Природа исторического описания и символического объяснения всегда была ключевой проблемой богословия, вызывающей острые дискуссии — особенно на протяжении последнего столетия. Довольно сомнительная законность такого подхода по отношению к православному литургическому мировоззрению сразу стала ощутима, особенно в тех местах, когда символика переступала за границы дозволенного и пыталась определить символическое значение того, что уже является реальностью.
Проблема противопоставления веры и знания, стоявшая в центре богословского внимания в эпоху просвещения, несознательно внесла в богословские представления элементы сухой рационалистической логики, которые нашли свое отражение и в понимании богослужения.

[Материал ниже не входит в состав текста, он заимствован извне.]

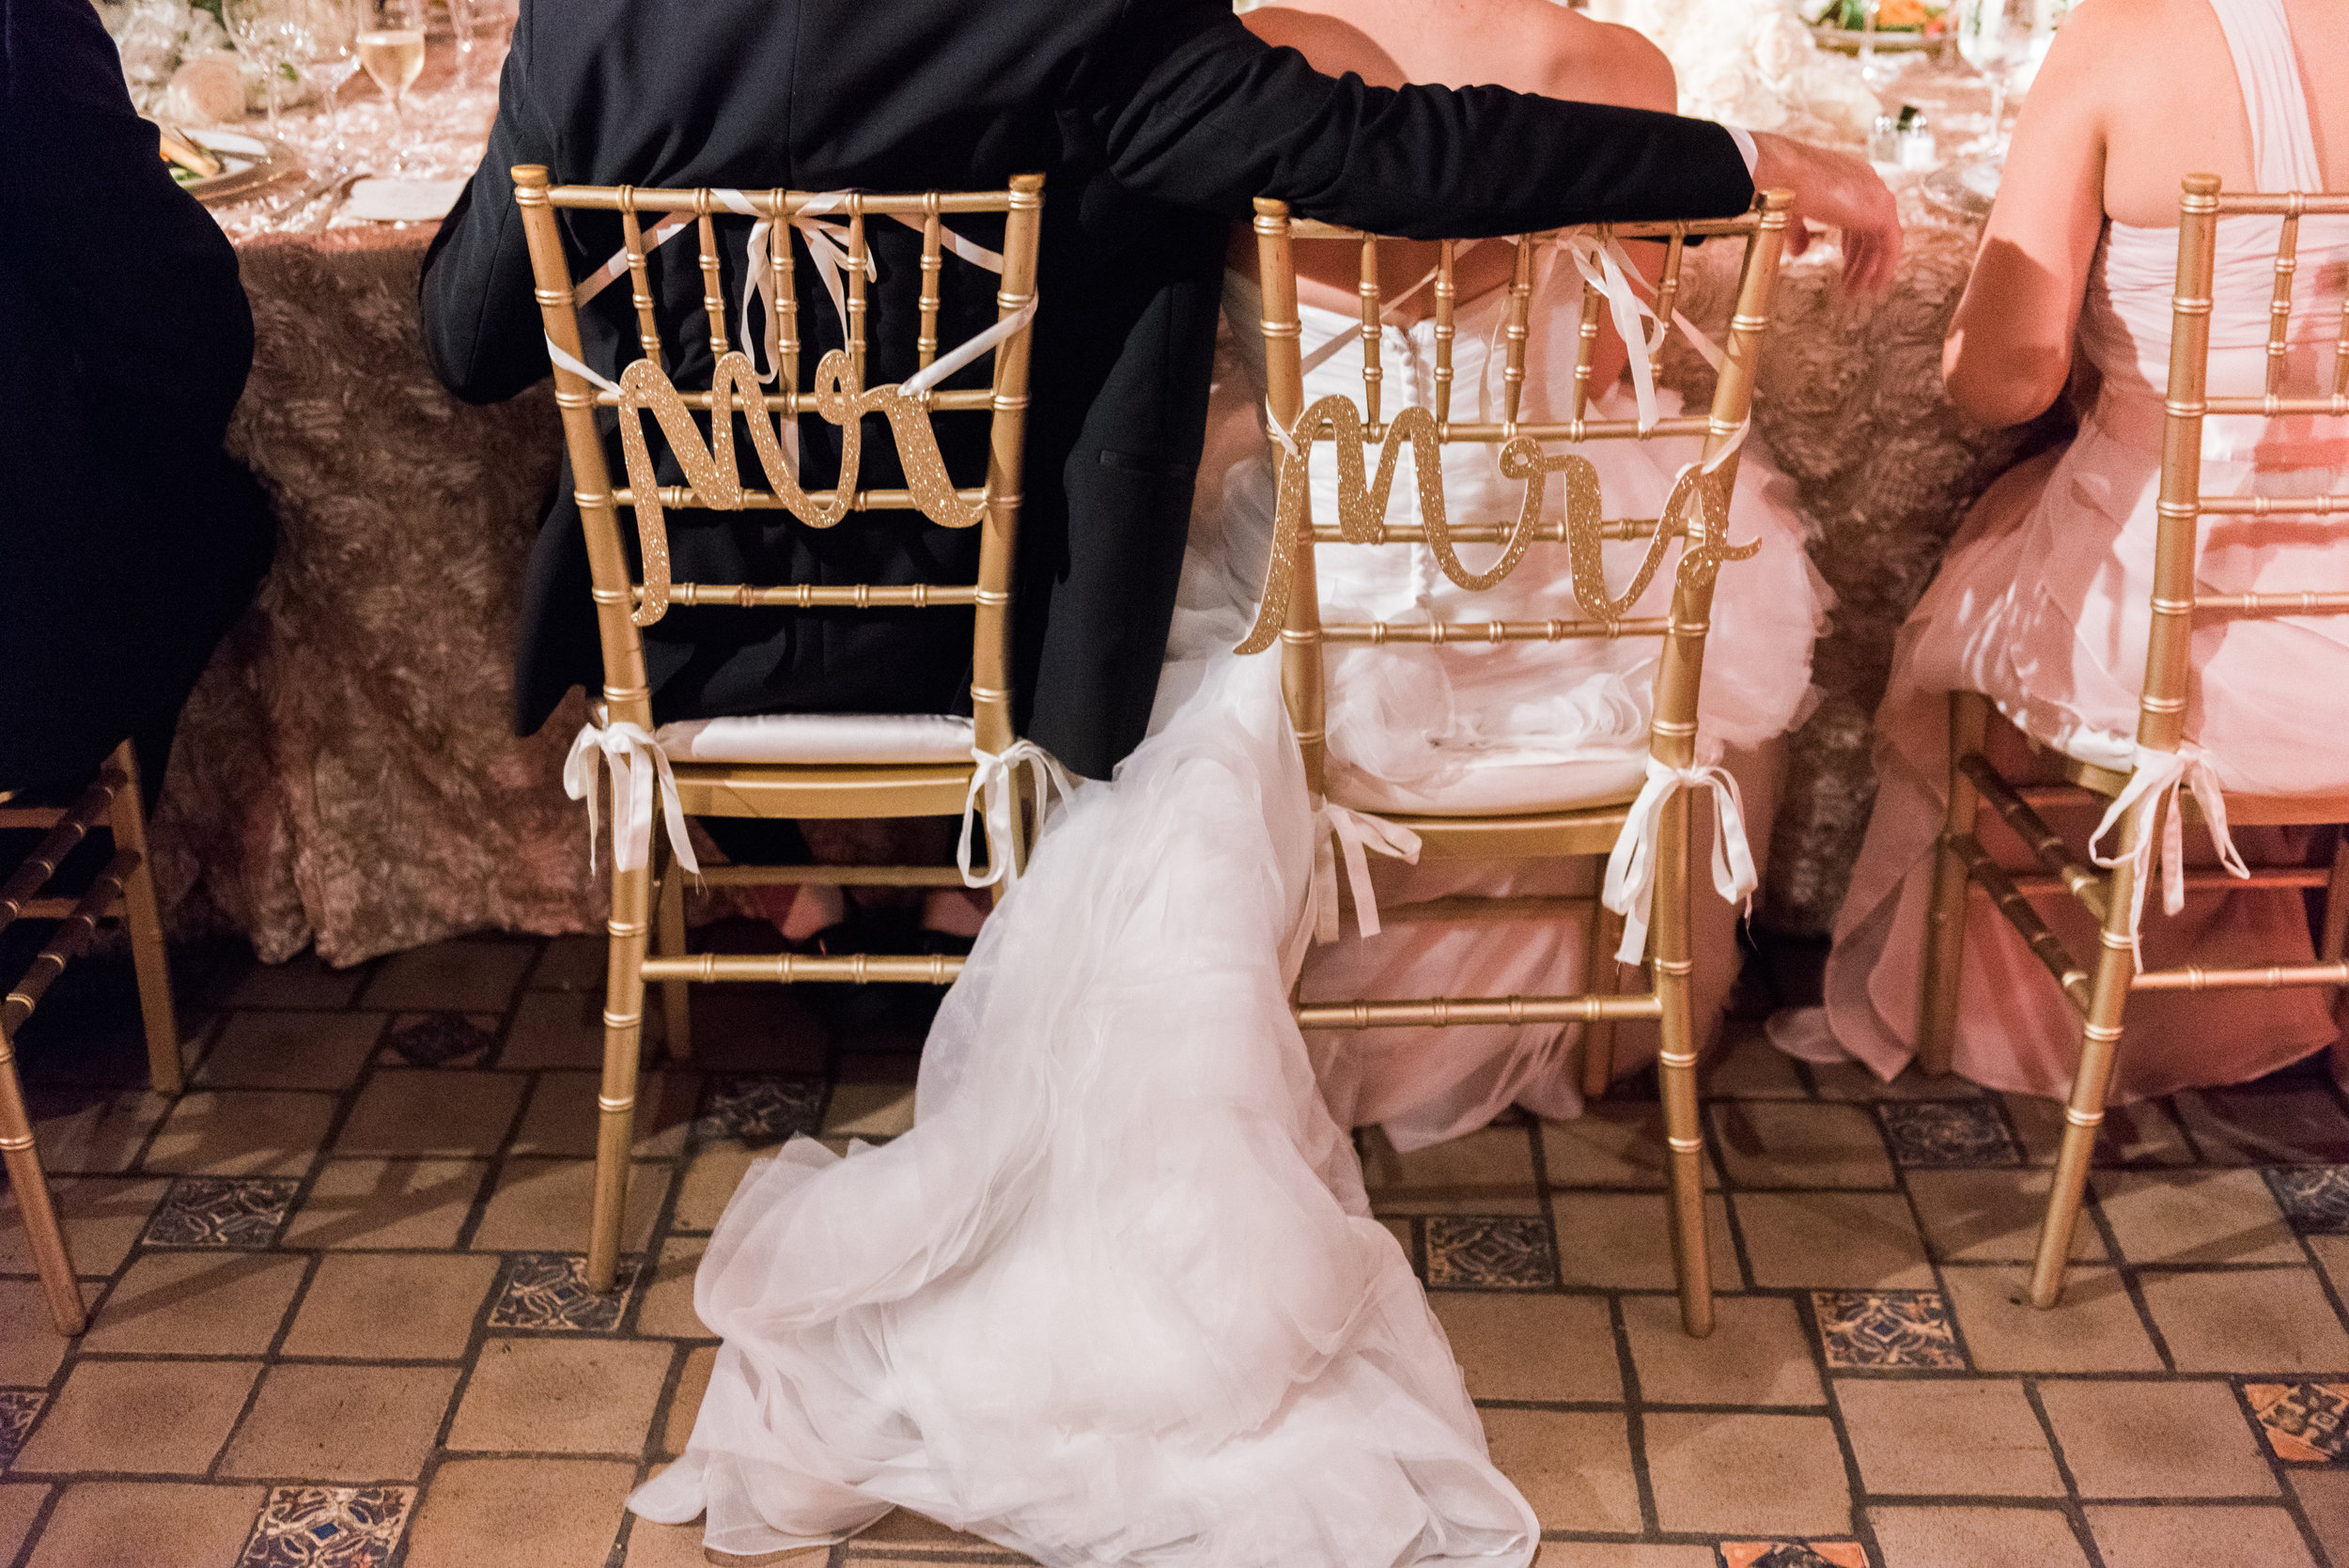 Unique Wedding Favor Ideas - Flagler Museum Palm Beach Wedding Reception - The Overwhelmed Bride Wedding Blog
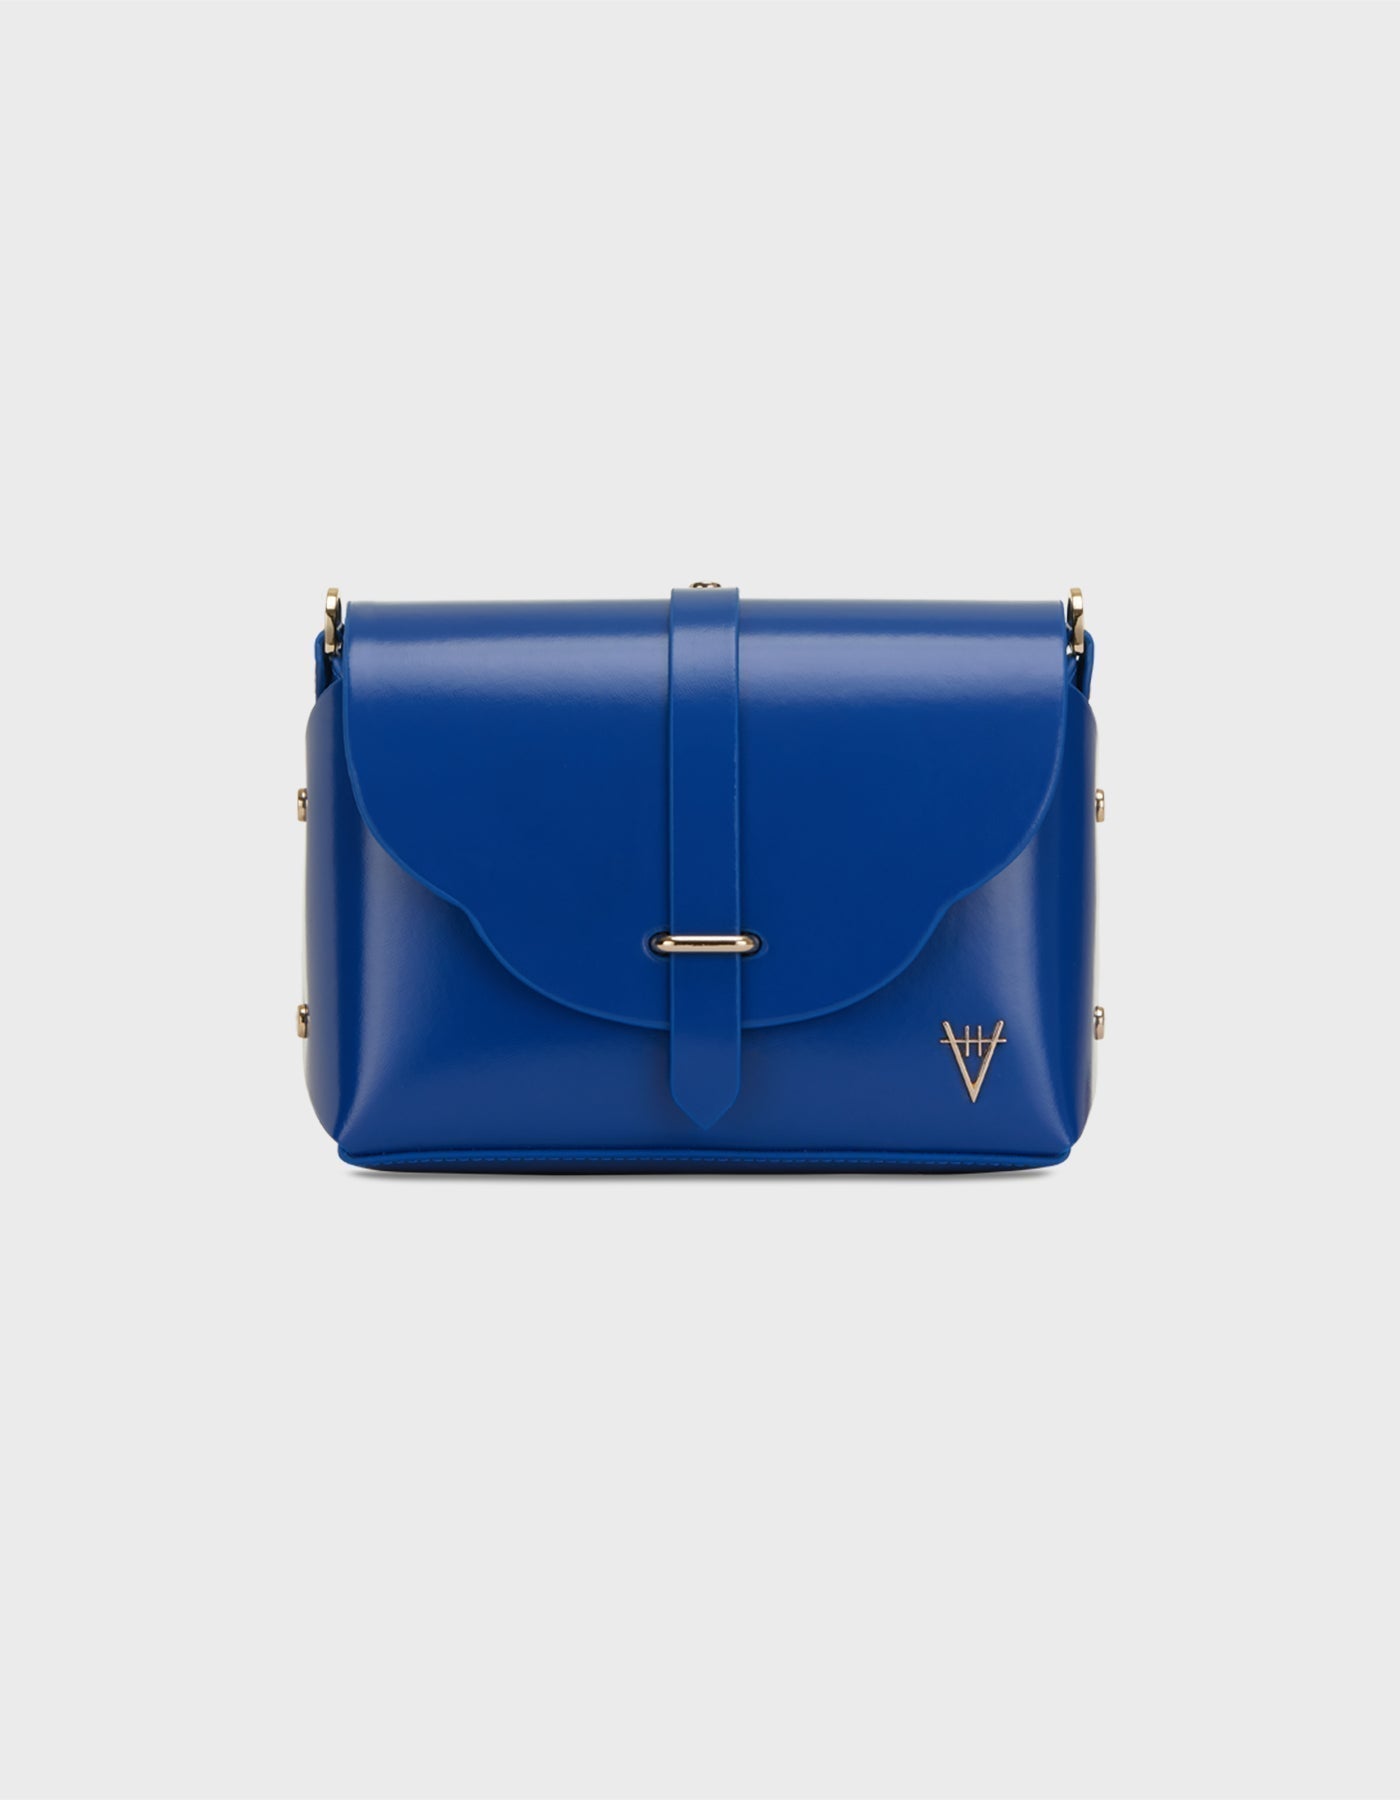 Hiva Atelier | Harmonia Shoulder Bag Sodalite Blue | Beautiful and Versatile

Основная характеристика этого направления заключалась в том, что разного рода исследования и интерпретации богослужения очень часто попадали в зависимость от субъективных намерений авторов. Богослужение включалось в контексты, в которых прошлое сопоставлялось только с настоящим, а никак не с будущим — иными словами, чувство истории соотносилось с чувством современности. Поэтому выводы, извлекаемые из этой аналогии в разные исторические периоды, были различны, а понимание богослужения оставалось удаленным от своего источника и дословно не совпадало с ним.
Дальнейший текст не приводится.